This is neat: so you can make a new subclass at runtime, instantiate a
bunch of objects off of it, and once all objects are gone, and nobody
directly refers to the subclass (vtable).  Can you define new vtables
from the host language?

> However, if we stop refcounting VTables (by making Inc_RefCount and
> Dec_RefCount no-ops) and accept that dynamically created VTables will leak,
> then those concerns go away.  I think this would be a reasonable approach.
> The leak ain't gonna matter unless somebody does something psycho like cycle
> through lots of unique class names.

That seems tentatively OK.  What do you see dynamic vtables being used
for in Lucy?

> That leaves the VTable_registry Hash, which is the hard part.
>
> One option is to write a lock-free hash implementation.  Cliff Click of Azul
> did a presentation at Google on a Java version.  The crucial requirement is an
> atomic pointer-compare-and-swap.  It'd take some work to set up probes for
> that to achieve portability, but it's probably doable.
>
> Another option is to throw a mutex around every read and write op on
> VTable_registry.
>
> A third option is to lock writes only but disallow deletions or displacements.
> Rehashing (where we double the table size and redistribute entries) is
> problematic; we'd probably have to keep all old versions around.
>
> The shared-keys aspect of Hash was a recent change, and we can just junk it
> in favor of per-object keys.

OK it sounds like "macro threading" should work fine.

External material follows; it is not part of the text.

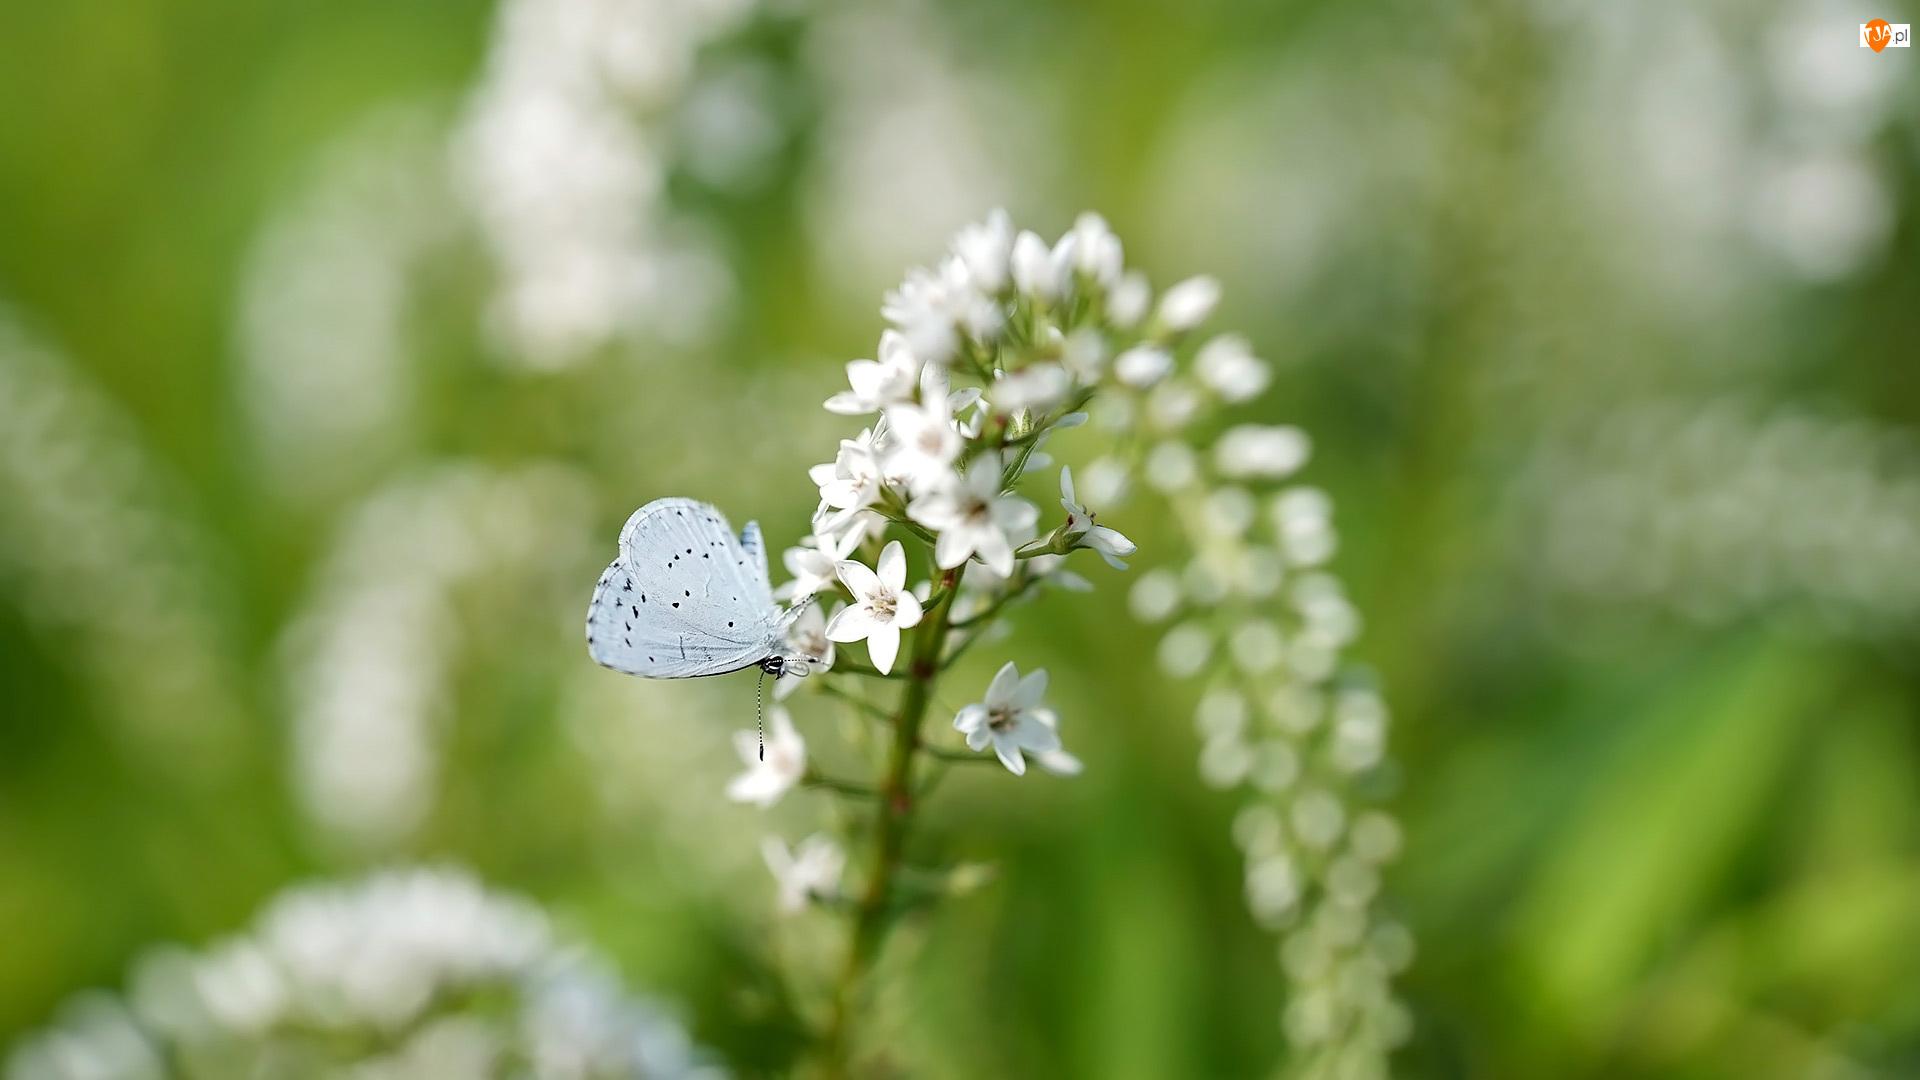 Modraszek wieszczek, Kwiat, Tojeść, Motyl

So then we don't have to worry about individual objects being thread
safe as long as we can ensure threads never share objects.

>> In any event, if Lucy will not allow more than one thread in the core
>> at once, it still must mate properly with the threads running in the
>> host.  EG you can't just up and call a Python API; you have to
>> register your thread with it (likewise for JNI), release/reaquire
>> Python's global lock when crossing the bridge, etc.
>
> Let's avoid that mess by allowing more than one thread in the Lucy core.

Good.

>> > For indexing, I thing we should make it possible to support concurrency using
>> > multiple indexer *objects*.  Whether those multiple indexer objects get used
>> > within a single multi-threaded app, or within separate processes shouldn't be
>> > important.  However, I think it's very important that we not *require* threads
>> > to exploit concurrency at index-time.
>>
>> Interesting... so you could take the "strongly divorced" approach,
>> yet, allow multiple such "worlds" inside a single Lucy process?  This
>> seems like a nice middle ground.  And mmap is the basis for sharing.
>>
>> Python allows this too.  You can create multiple interpreter "worlds",
>> and each freely runs independent of the other (separate global lock).
>
> I agree -- this sounds like our best option.
>
> I think separate "worlds" should be good enough for indexing, provided that our
> multi-writer concurrency plans work out in practice as they have in theory.

It might get weird if the host also doesn't maintain separate worlds,
eg the host can think it created object X in Lucy but then if it
checks back later and gets the wrong world, object X is gone.

> Then there's search-time, where the multi-world approach isn't always
> adequate.  Here, things get tricky because we have to worry about the
> statefulness of objects that could be operating in multiple search threads.
>
> I think we'll be generally OK if we do most of our scoring at the segment
> level.  Individual SegReaders don't share much within a larger PolyReader, so
> Scorers derived from those SegReaders won't either.

OK even for concurrency within a single search, it sounds like?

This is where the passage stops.